> **Your instructions**: Each entry should be copied as it stands, leaving the pictures behind.

> **Dataset excerpts**:
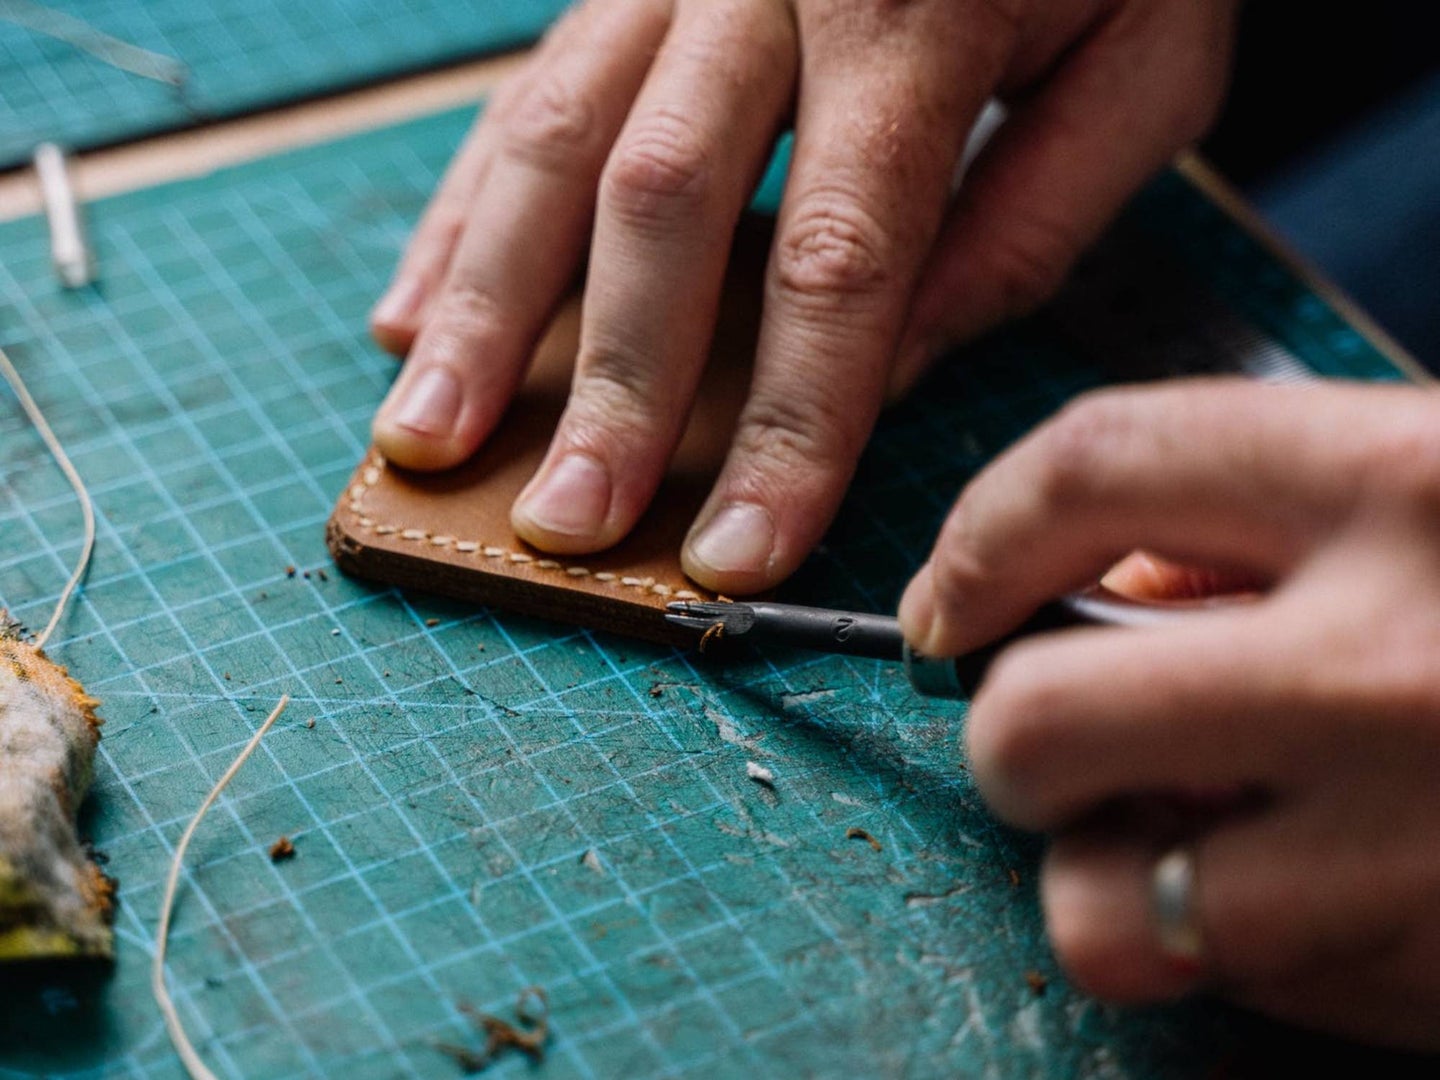 Hands working on edging a piece of leatherwork
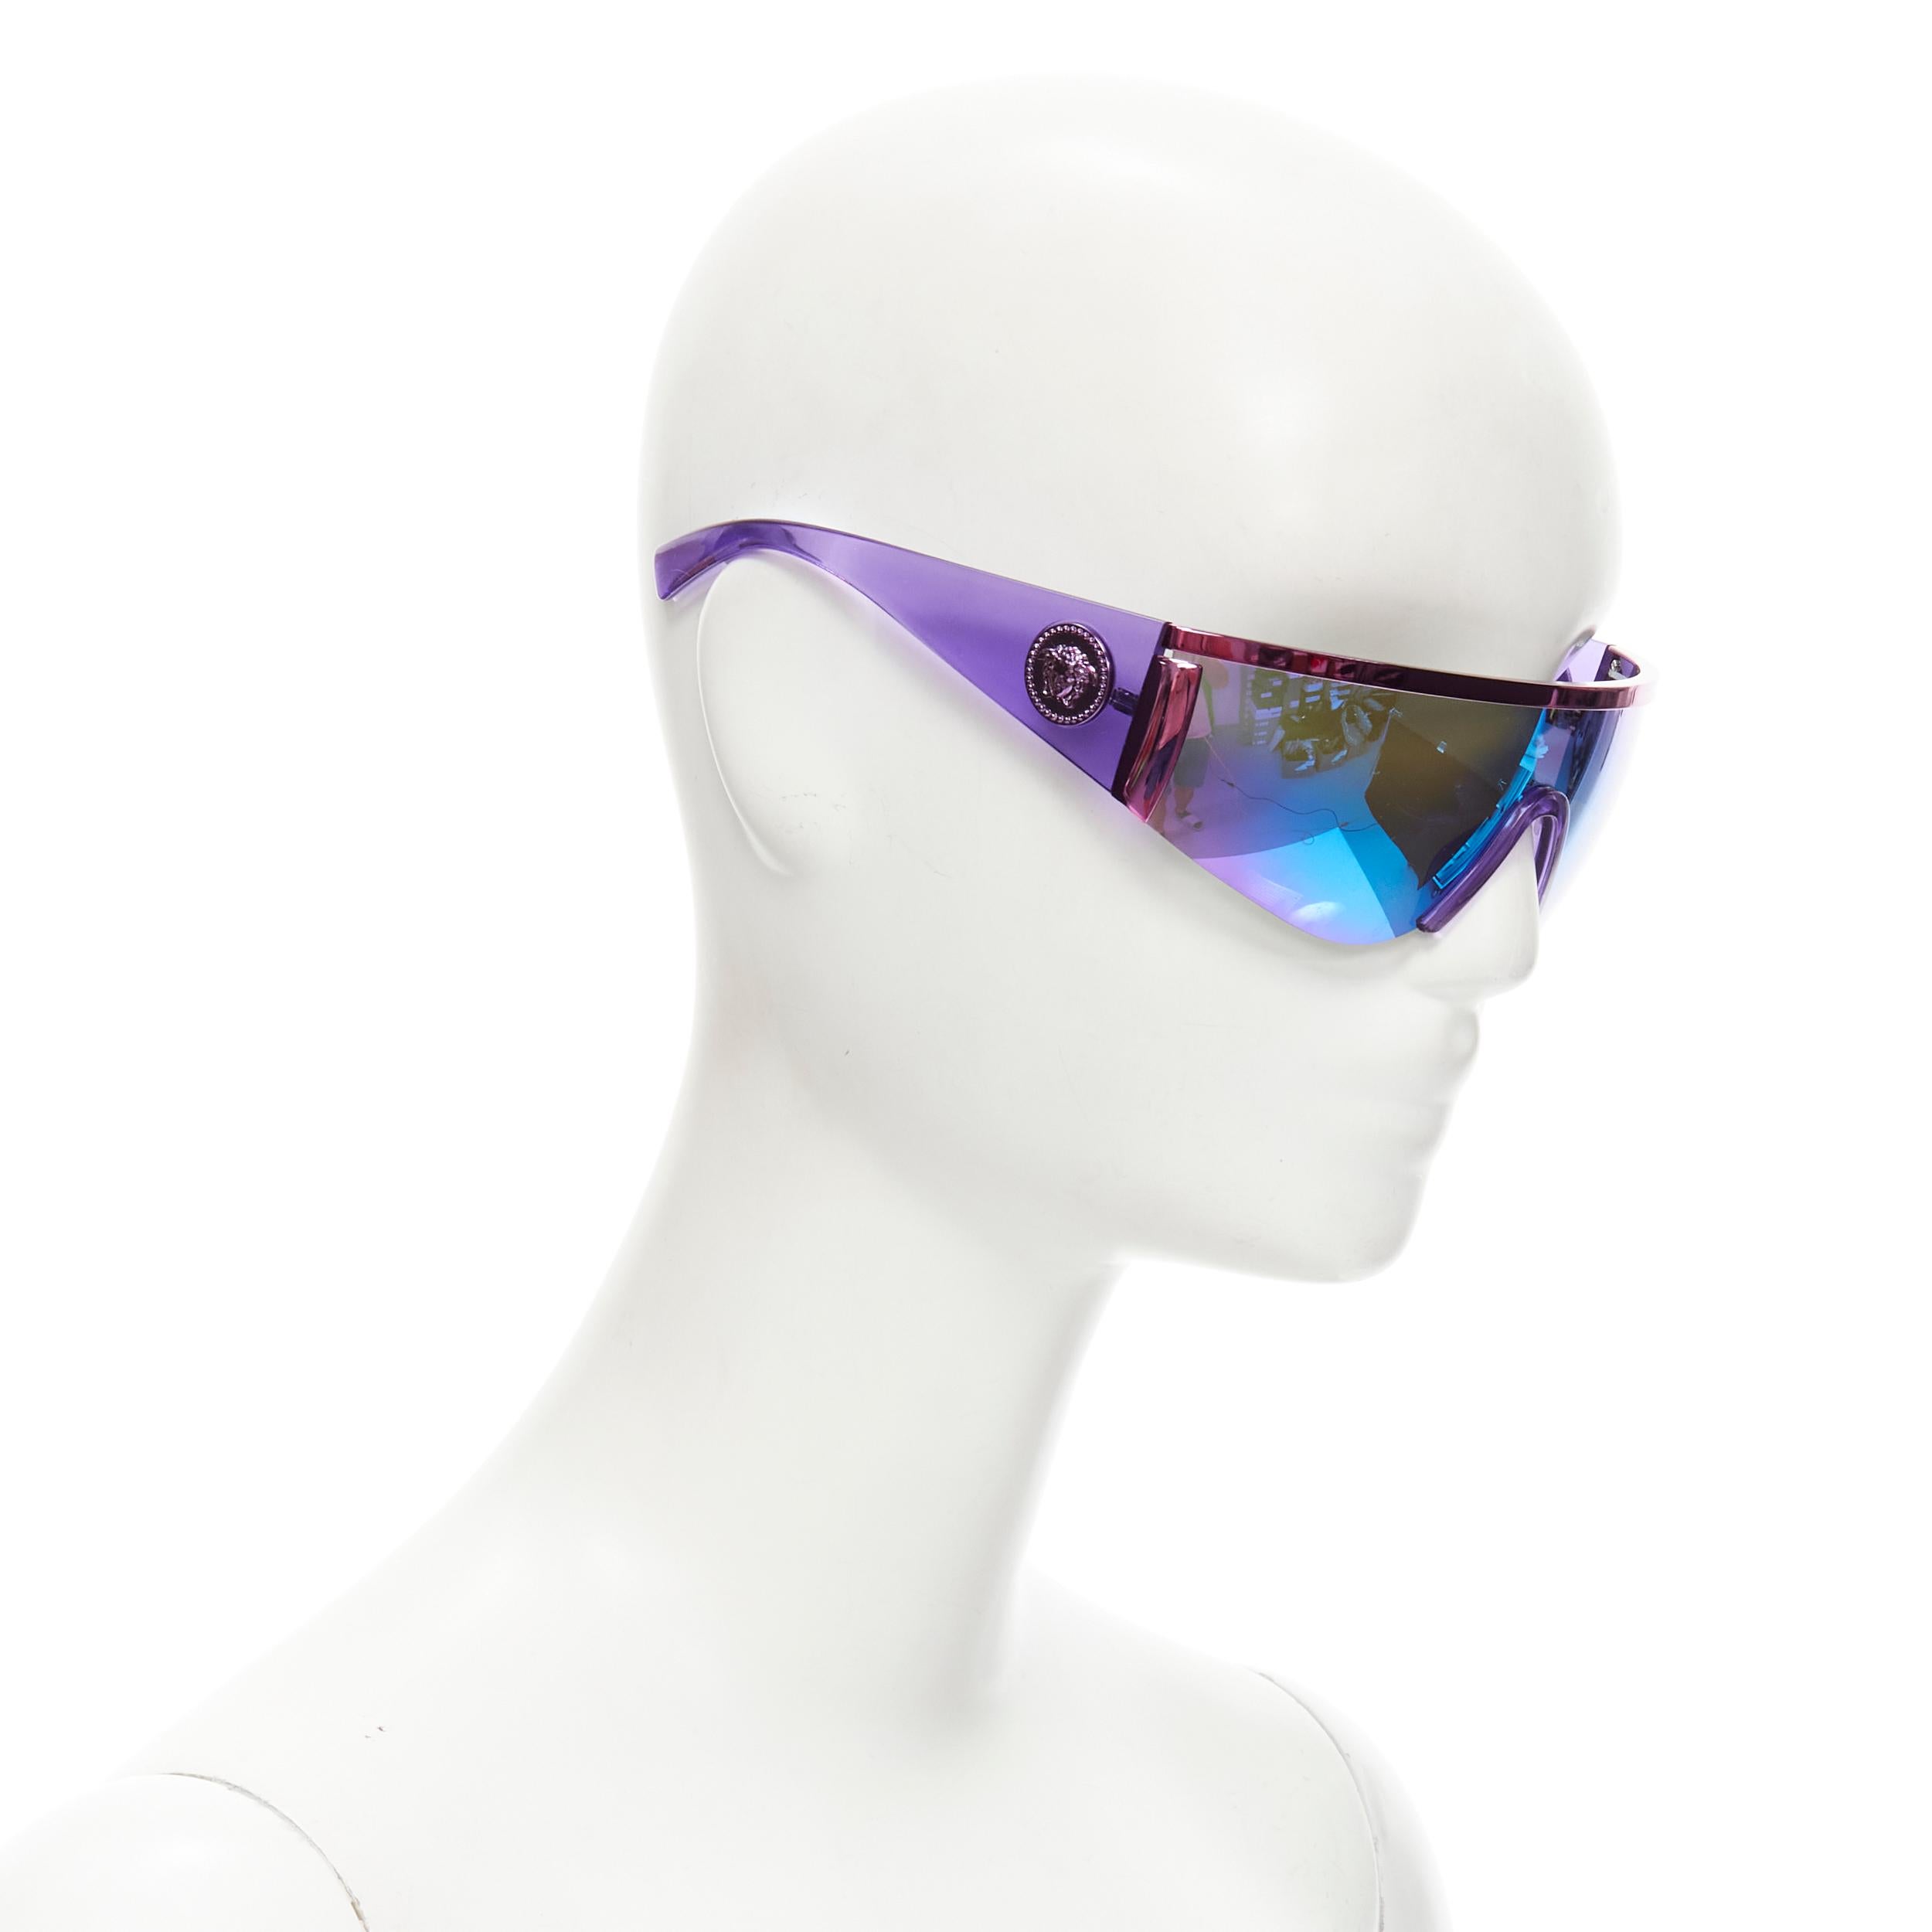 new VERSACE VE2197 2018 Tribute Medusa purple blue reflective sunglasses 
Reference: TGAS/C00245 
Brand: Versace 
Designer: Donatella Versace 
Collection: Tribute 
Material: Metal 
Color: Purple 
Pattern: Solid 
Extra Detail: From the 2018 Tribute
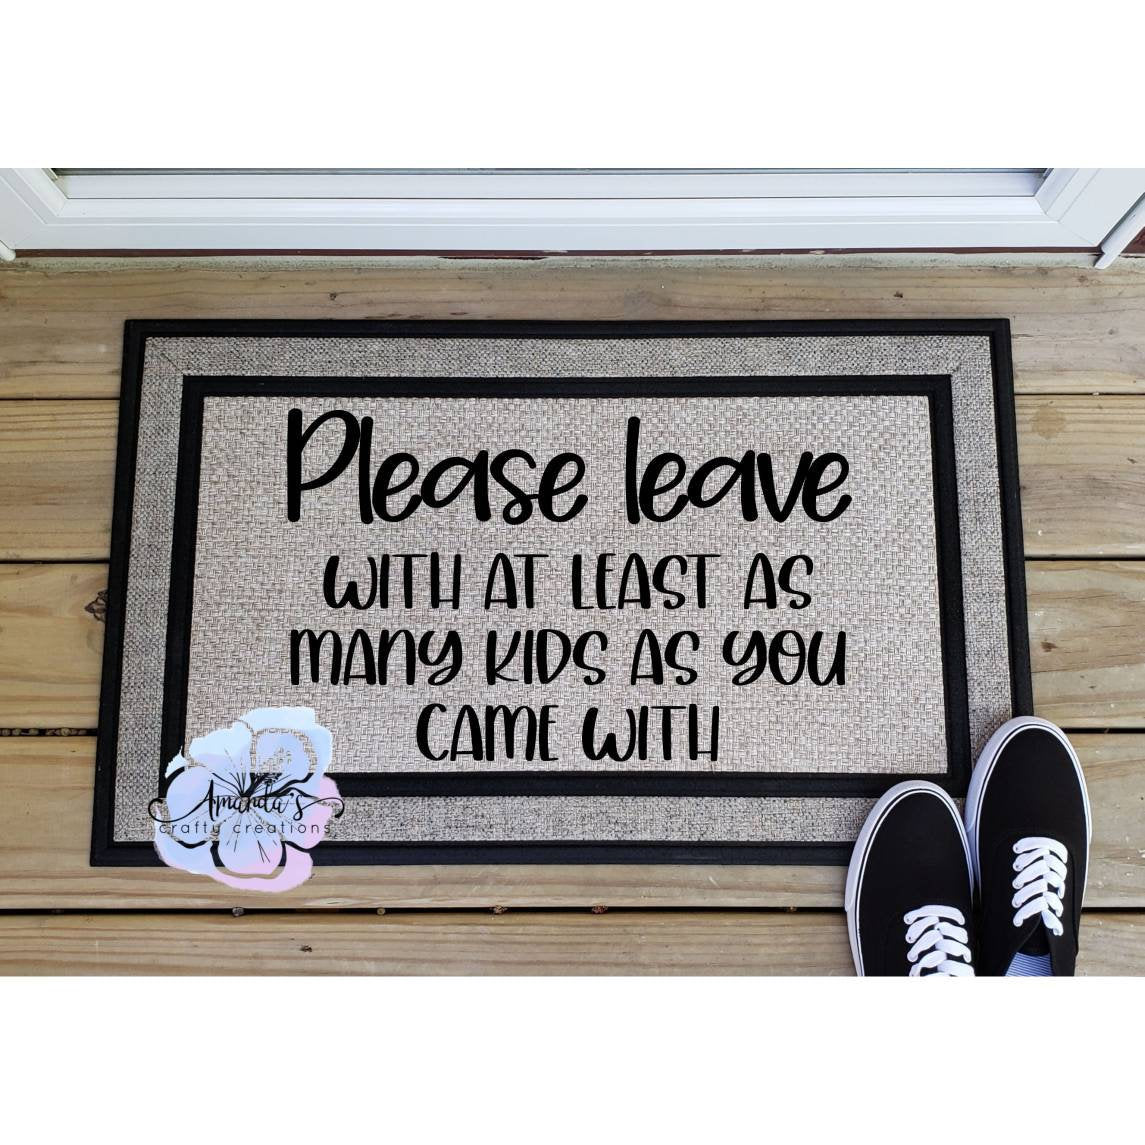 Door mat please leave with at least as many kids as you came with
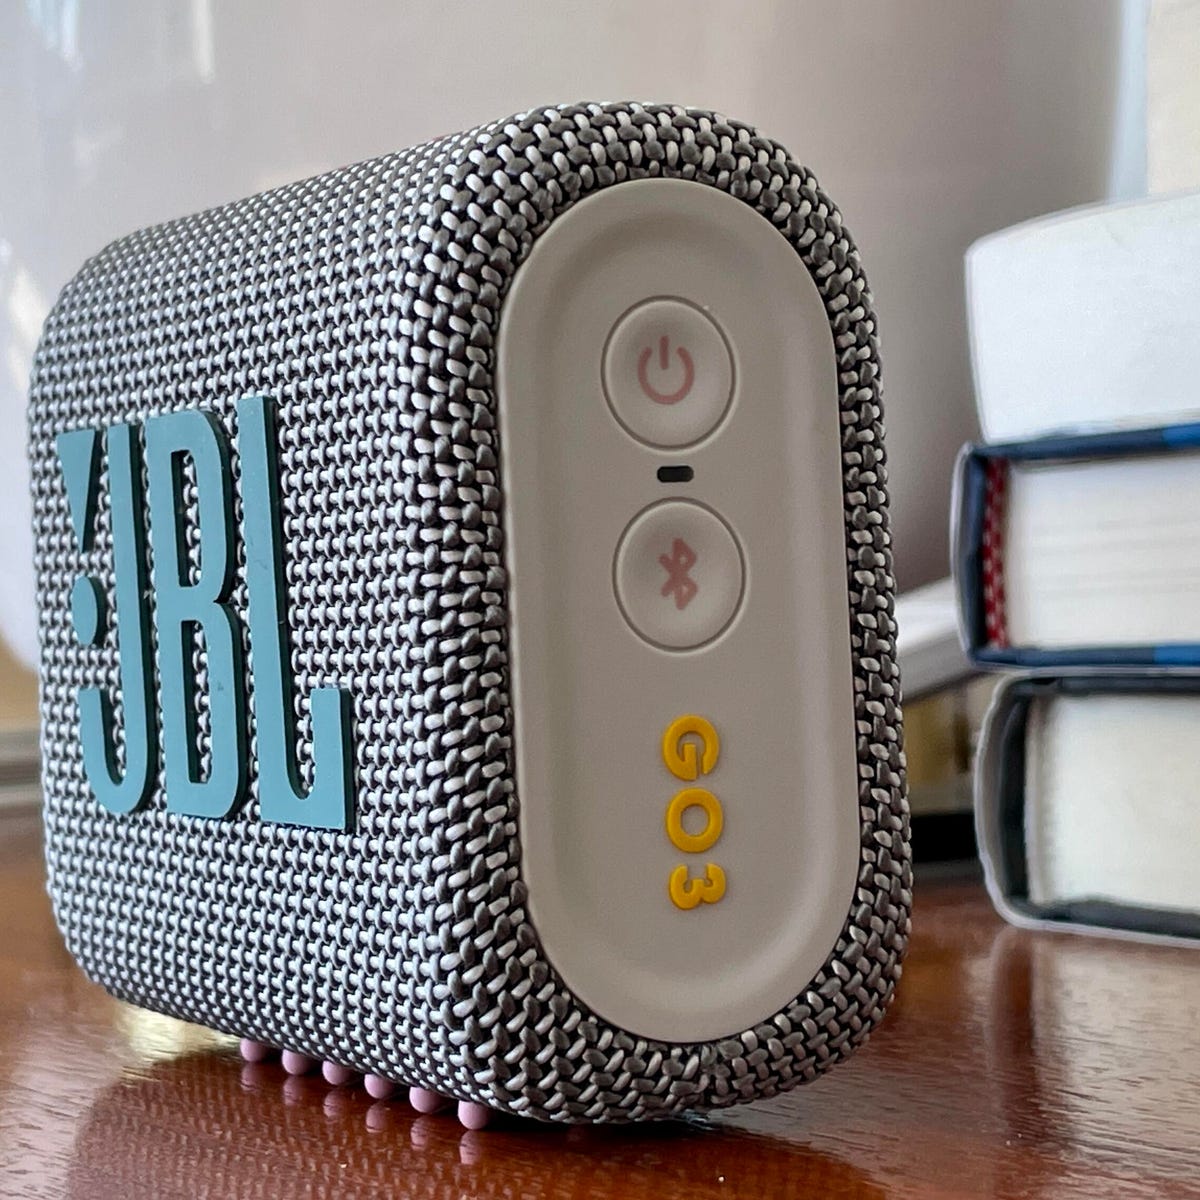 JBL Go 3 review: Tiny $40 Bluetooth speaker with big improvements - CNET
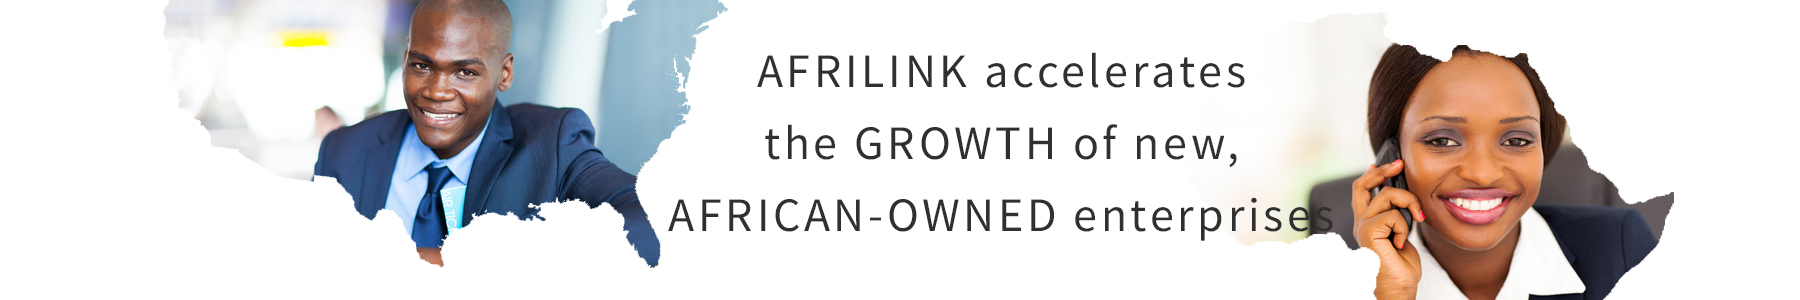 Afrilink - Growth of new African-owned enterprise

> **Exercise output**:
 Hands working on edging a piece of leatherwork
 new VERSACE VE2197 2018 Tribute Medusa purple blue reflective sunglasses 
Reference: TGAS/C00245 
Brand: Versace 
Designer: Donatella Versace 
Collection: Tribute 
Material: Metal 
Color: Purple 
Pattern: Solid 
Extra Detail: From the 2018 Tribute
 Door mat please leave with at least as many kids as you came with
 JBL Go 3 review: Tiny $40 Bluetooth speaker with big improvements - CNET
 Afrilink - Growth of new African-owned enterprise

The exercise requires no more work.